Vem cá, leitora, confessa, alguma vez teu namorado, noivo, marido ou amante já te chamou carinhosamente de ‘minha yewánape-kulu' ou, pelo menos, te tratou com o doce nome de ‘u´le zapeli'? Não? Então, me desculpa, mas o cara não é romântico. Se fosse, te daria esse tratamento afetuoso registrado por um etnógrafo alemão, Theodor Koch-Grünberg, que viveu entre os índios de Roraima entre 1911 e 1913, e viu os taurepang, apaixonados, trocando juras de amor, com expressões sumamente ternas como ‘yewánape-kulu' (‘meu coraçãozinho querido') ou u´le zapeli (‘pluma da minha flecha').
Podemos aprender lições interessantes com os índios de Roraima e com Koch-Grünberg. Em suas viagens pelo norte do Brasil e pela Venezuela, ele coletou milhares de objetos de arte indígena que hoje fazem parte das coleções dos museus de Berlim, Hamburgo e Leipzig. Gravou, num fonógrafo, as músicas e cantos dos Makuxi, Taurepang, Wapishana, Ingarikó e Patamona. Tirou fotografias, ouviu as histórias que os índios lhe contaram e deixou tudo isso registrado num belo livro, intitulado “De Roraima ao Orenoco”, publicado em três tomos.
Essas histórias contribuíram de forma decisiva para a literatura brasileira, porque foi lá que Mário de Andrade buscou inspiração para escrever ‘Macunaíma', o herói que nasceu nas margens do rio Uraricoera, e acabou se tornando símbolo da identidade nacional.

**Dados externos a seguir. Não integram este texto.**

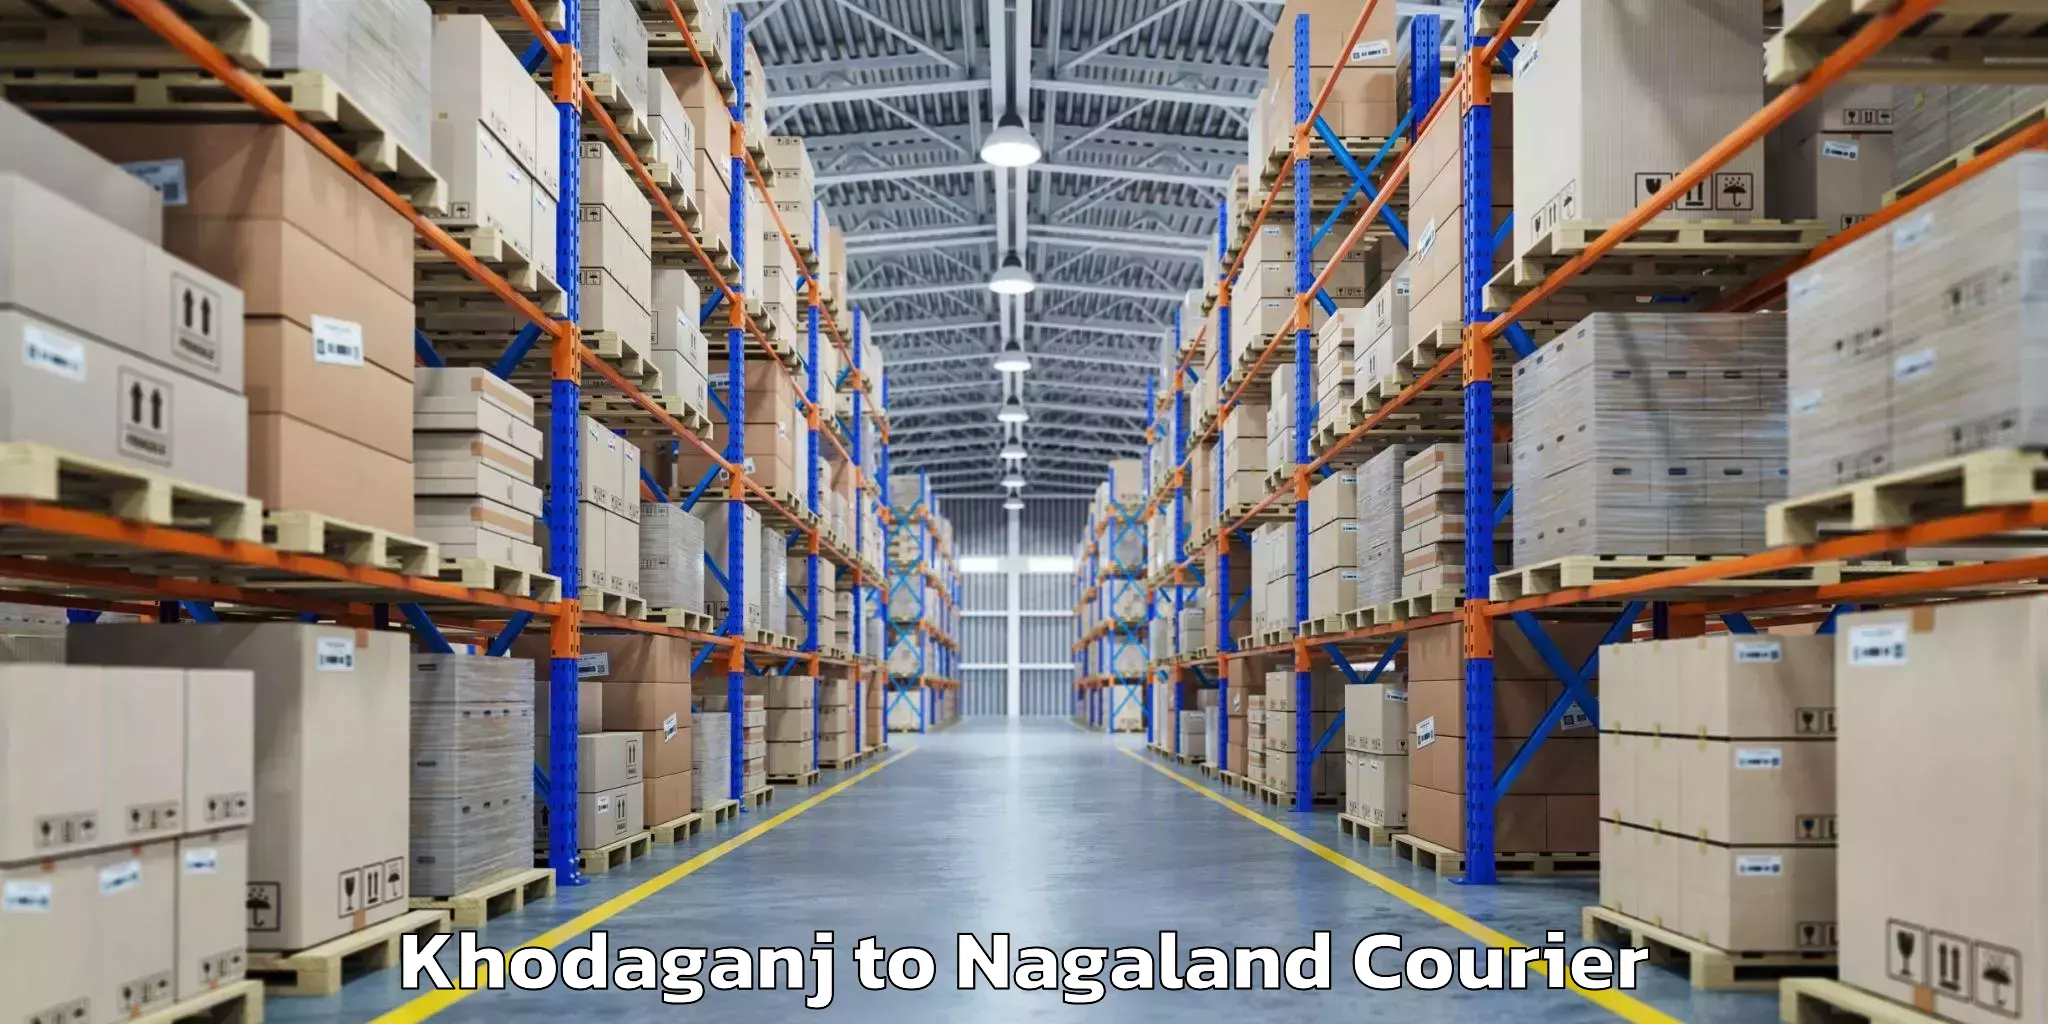 Luggage shipment tracking Khodaganj to Nagaland

Essa dívida, o Brasil tem com os povos de Roraima.
As descrições feitas por Koch-Grünberg resultam de uma observação cuidadosa de mais de três anos. Ele escreveu que “os índios são pessoas amáveis, de temperamento alegre e de comportamento discreto, são tão educados que podem servir de exemplo a muitos europeus, que se acham superiores aos ‘selvagens' nus”. Ficou deslumbrado com o refinamento deles:
“Um índio de Roraima nunca entra em uma casa alheia sem pedir licença. Durante uma conversa, jamais um corta a palavra do outro. Nunca gritam dois ao mesmo tempo. Se pudéssemos levá-los a uma das nossas reuniões, eles ficariam espantados com nossos costumes bárbaros de atropelar a fala do outro ”.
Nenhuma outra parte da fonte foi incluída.